Getting to Know Data
Read Section 2.2 of Hello Data Science. Print the first few rows of the flights data (you certainly don’t want to print them all!):
head(flights)# A tibble: 6 × 19
year month day dep_time sched_dep_time dep_delay arr_time sched_arr_time
<int> <int> <int> <int> <int> <dbl> <int> <int>
1 2023 1 1 1 2038 203 328 3
2 2023 1 1 18 2300 78 228 135
3 2023 1 1 31 2344 47 500 426
4 2023 1 1 33 2140 173 238 2352
5 2023 1 1 36 2048 228 223 2252
6 2023 1 1 503 500 3 808 815
# ℹ 11 more variables: arr_delay <dbl>, carrier <chr>, flight <int>,
# tailnum <chr>, origin <chr>, dest <chr>, air_time <dbl>, distance <dbl>,
# hour <dbl>, minute <dbl>, time_hour <dttm>
tail(flights)# A tibble: 6 × 19
year month day dep_time sched_dep_time dep_delay arr_time sched_arr_time
<int> <int> <int> <int> <int> <dbl> <int> <int>
1 2023 12 31 2207 2200 7 58 115
2 2023 12 31 2218 2224 -6 304 325
3 2023 12 31 2243 2150 53 143 56
4 2023 12 31 2248 2259 -11 338 350
5 2023 12 31 2326 2325 1 412 405
6 2023 12 31 2345 2255 50 425 347
# ℹ 11 more variables: arr_delay <dbl>, carrier <chr>, flight <int>,
# tailnum <chr>, origin <chr>, dest <chr>, air_time <dbl>, distance <dbl>,
# hour <dbl>, minute <dbl>, time_hour <dttm>
Use the glimpse function to get to know the variables in the flights data:
dplyr::glimpse(flights)Rows: 435,352
Columns: 19
$ year <int> 2023, 2023, 2023, 2023, 2023, 2023, 2023, 2023, 2023, 2…

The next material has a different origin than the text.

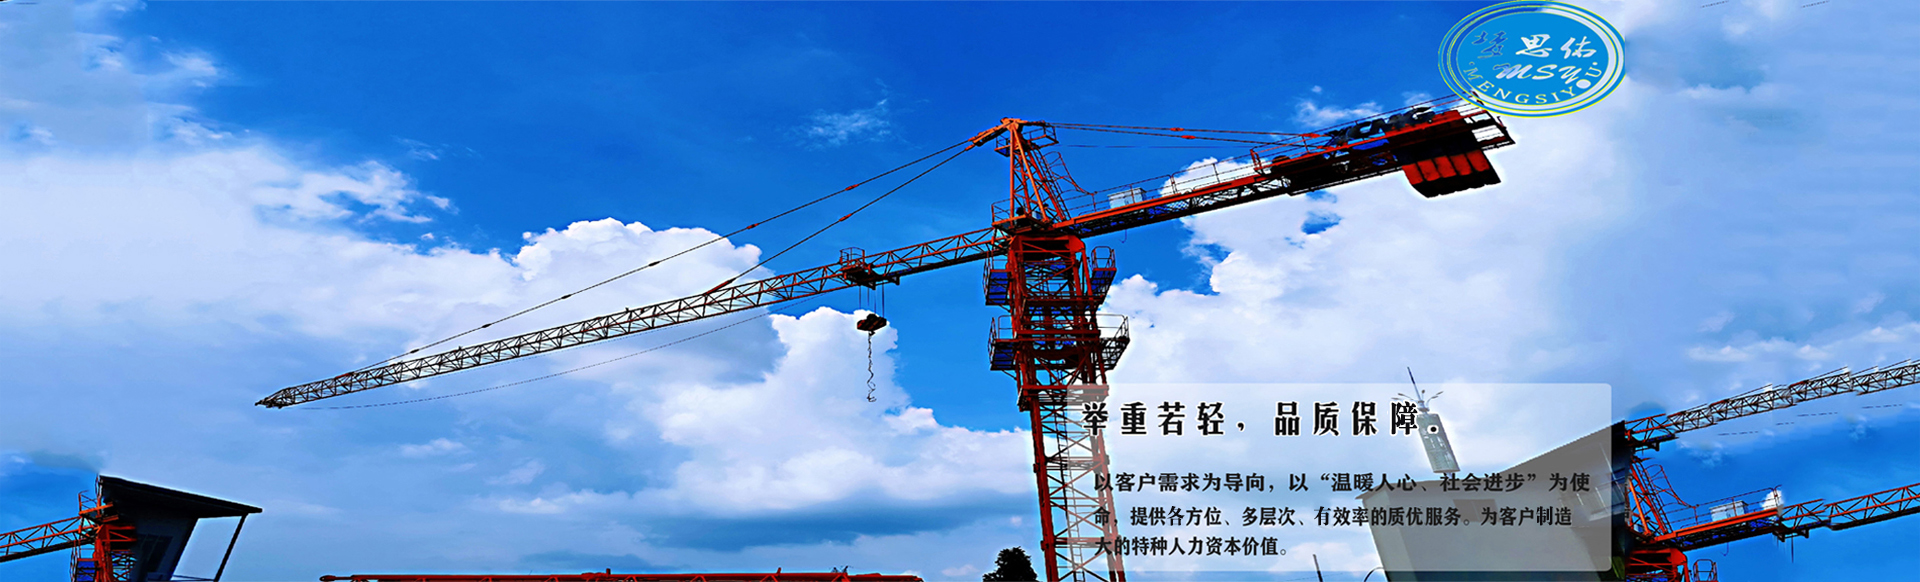 贵州劳务培训

$ month <int> 1, 1, 1, 1, 1, 1, 1, 1, 1, 1, 1, 1, 1, 1, 1, 1, 1, 1, 1…
$ day <int> 1, 1, 1, 1, 1, 1, 1, 1, 1, 1, 1, 1, 1, 1, 1, 1, 1, 1, 1…
$ dep_time <int> 1, 18, 31, 33, 36, 503, 520, 524, 537, 547, 549, 551, 5…
$ sched_dep_time <int> 2038, 2300, 2344, 2140, 2048, 500, 510, 530, 520, 545, …
$ dep_delay <dbl> 203, 78, 47, 173, 228, 3, 10, -6, 17, 2, -10, -9, -7, -…
$ arr_time <int> 328, 228, 500, 238, 223, 808, 948, 645, 926, 845, 905, …
$ sched_arr_time <int> 3, 135, 426, 2352, 2252, 815, 949, 710, 818, 852, 901, …
$ arr_delay <dbl> 205, 53, 34, 166, 211, -7, -1, -25, 68, -7, 4, -13, -14…
$ carrier <chr> "UA", "DL", "B6", "B6", "UA", "AA", "B6", "AA", "UA", "…
$ flight <int> 628, 393, 371, 1053, 219, 499, 996, 981, 206, 225, 800,…
$ tailnum <chr> "N25201", "N830DN", "N807JB", "N265JB", "N17730", "N925…
$ origin <chr> "EWR", "JFK", "JFK", "JFK", "EWR", "EWR", "JFK", "EWR",…
$ dest <chr> "SMF", "ATL", "BQN", "CHS", "DTW", "MIA", "BQN", "ORD",…
$ air_time <dbl> 367, 108, 190, 108, 80, 154, 192, 119, 258, 157, 164, 1…
$ distance <dbl> 2500, 760, 1576, 636, 488, 1085, 1576, 719, 1400, 1065,…
$ hour <dbl> 20, 23, 23, 21, 20, 5, 5, 5, 5, 5, 5, 6, 5, 6, 6, 6, 6,…
$ minute <dbl> 38, 0, 44, 40, 48, 0, 10, 30, 20, 45, 59, 0, 59, 0, 0, …
$ time_hour <dttm> 2023-01-01 20:00:00, 2023-01-01 23:00:00, 2023-01-01 2…
Describe how these two functions are similar and how they differ:
The glimpse function appears to be the transpose of the head and tail functions. The latter relay the flights data in a tibble, with the data listed within columns of their corresponding category, while the former relays the flights data across rows. The glimpse function provides a clearer view of the variables represented within the data set and their data type. However, the head and tail functions format the data to be easily readible.
In the end, they both reflect a portion of the flights data, with the glimpse function displaying all the variable names compared to only the first or last 6 rows visible with the head or tail functions.